*** Opening of Dataset section ***

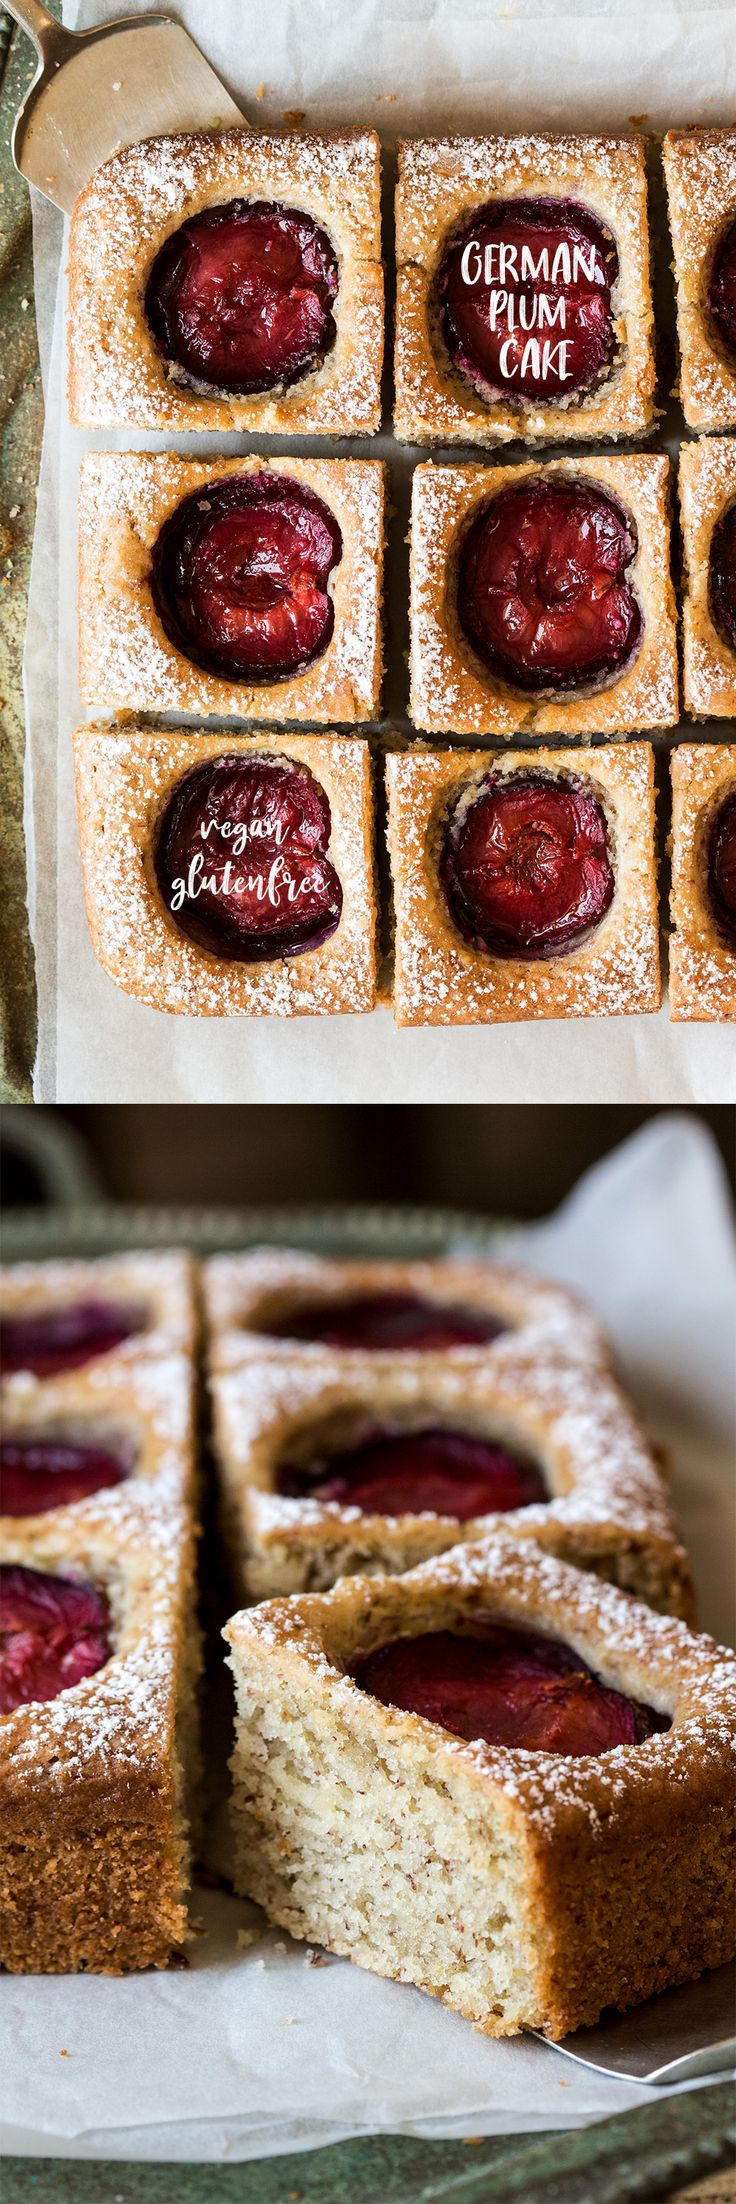 #plums #plumcake #cake #plum #german #vegan #glutenfree #eggfree #dairyfree #easy #recipe
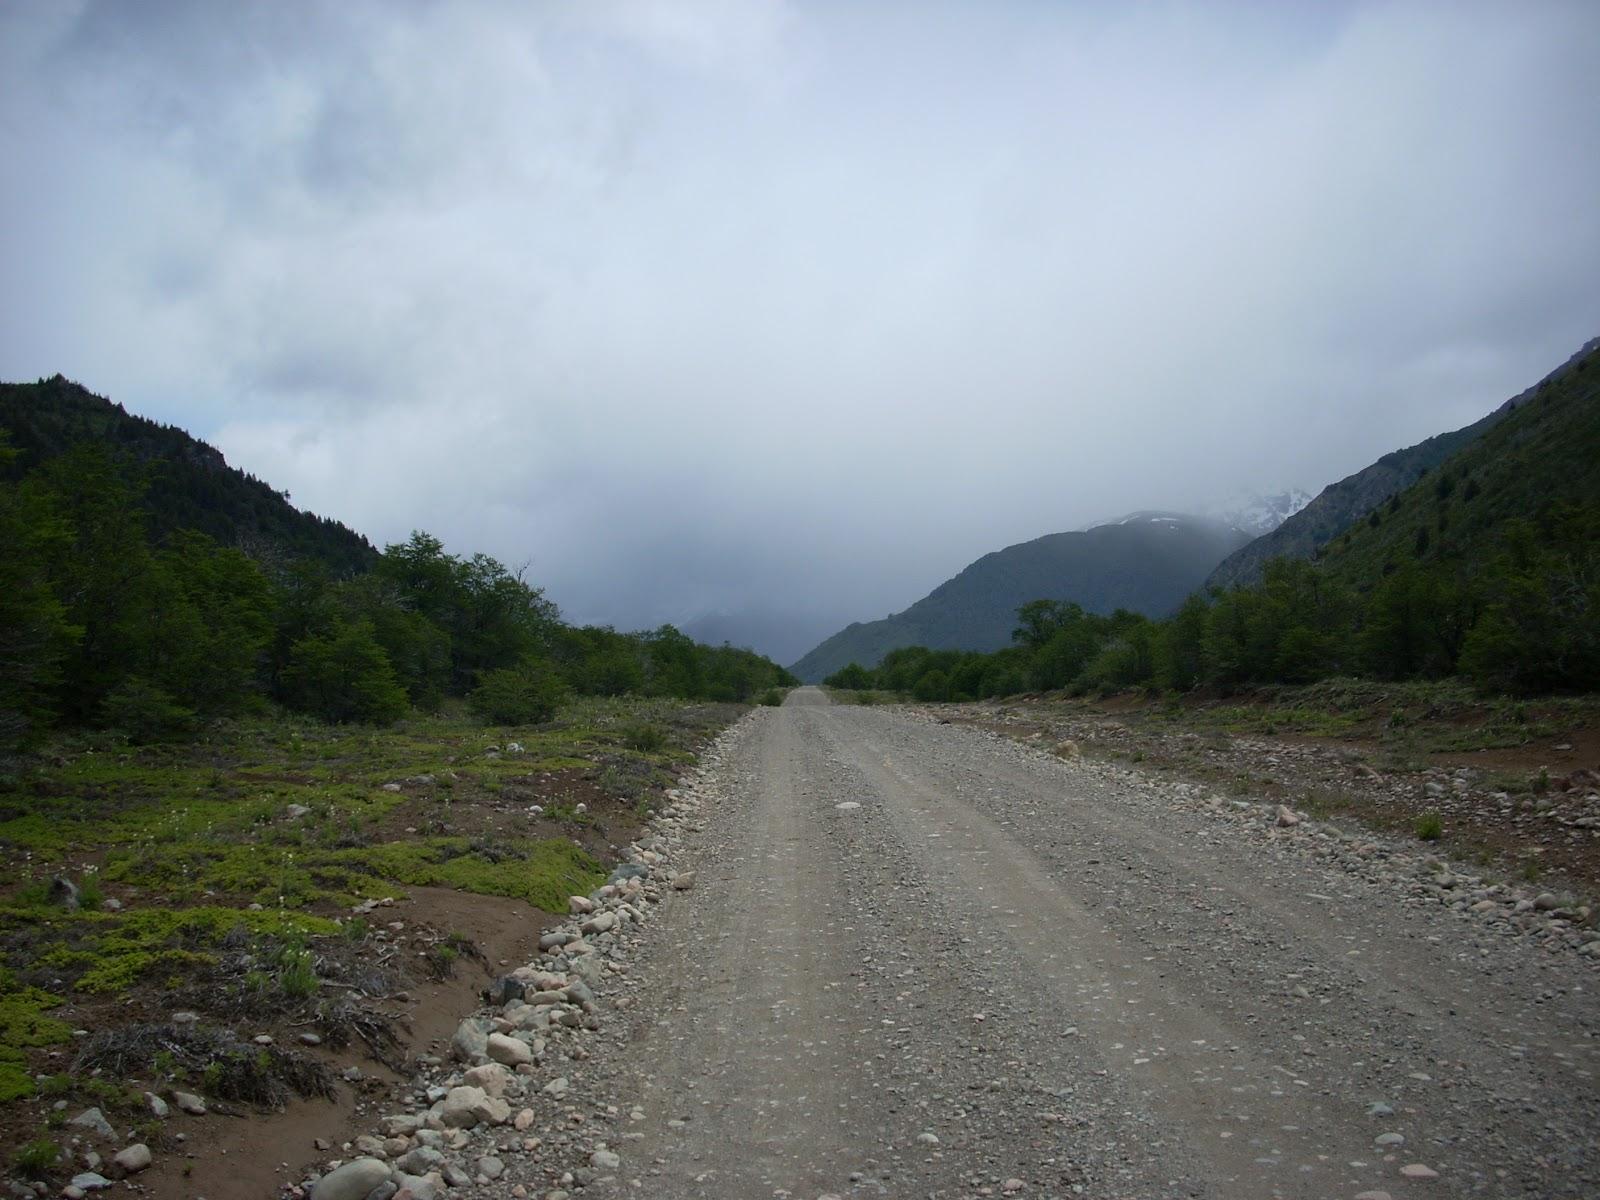 10km dirt road detour
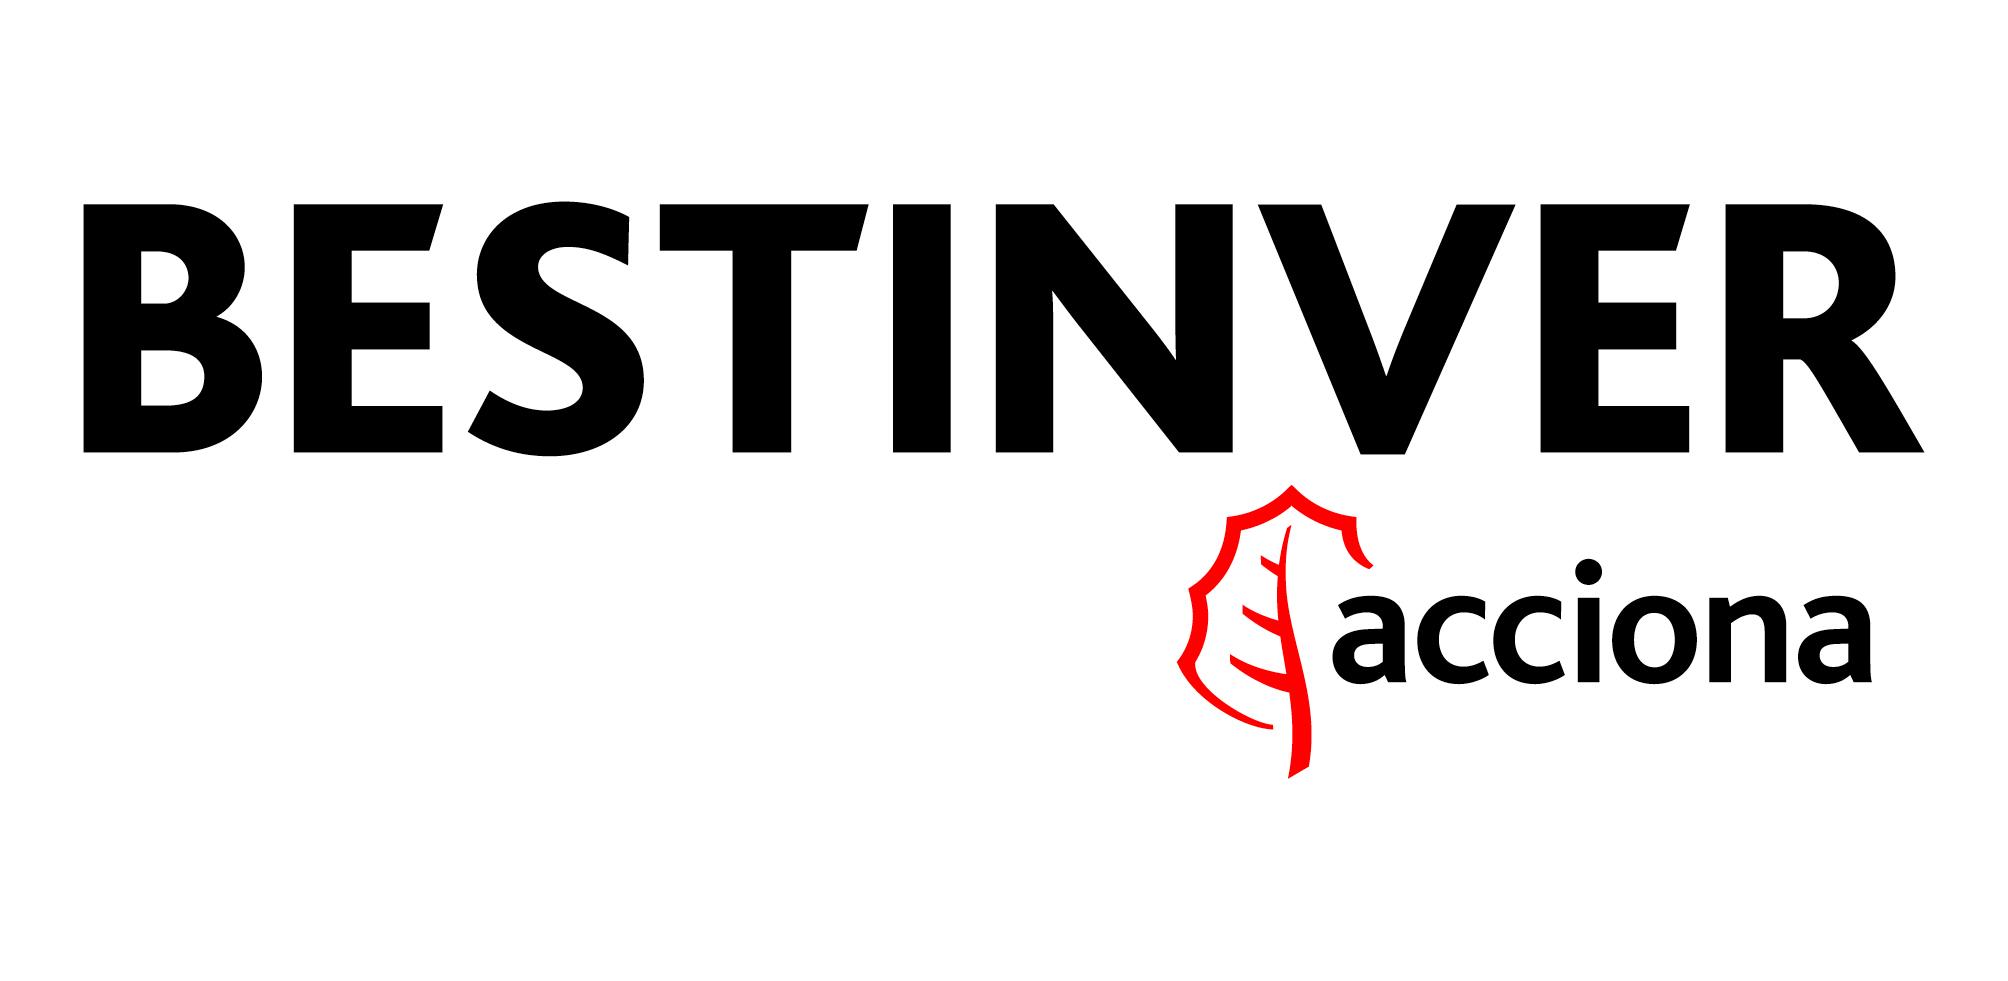 BESTINVER logotipo Rankia

*** Close of Dataset section ***

_Aim of the task_:
Set down all of the material word for word, but keep each picture out.

_Exercise response_:
 #plums #plumcake #cake #plum #german #vegan #glutenfree #eggfree #dairyfree #easy #recipe
 10km dirt road detour
 BESTINVER logotipo Rankia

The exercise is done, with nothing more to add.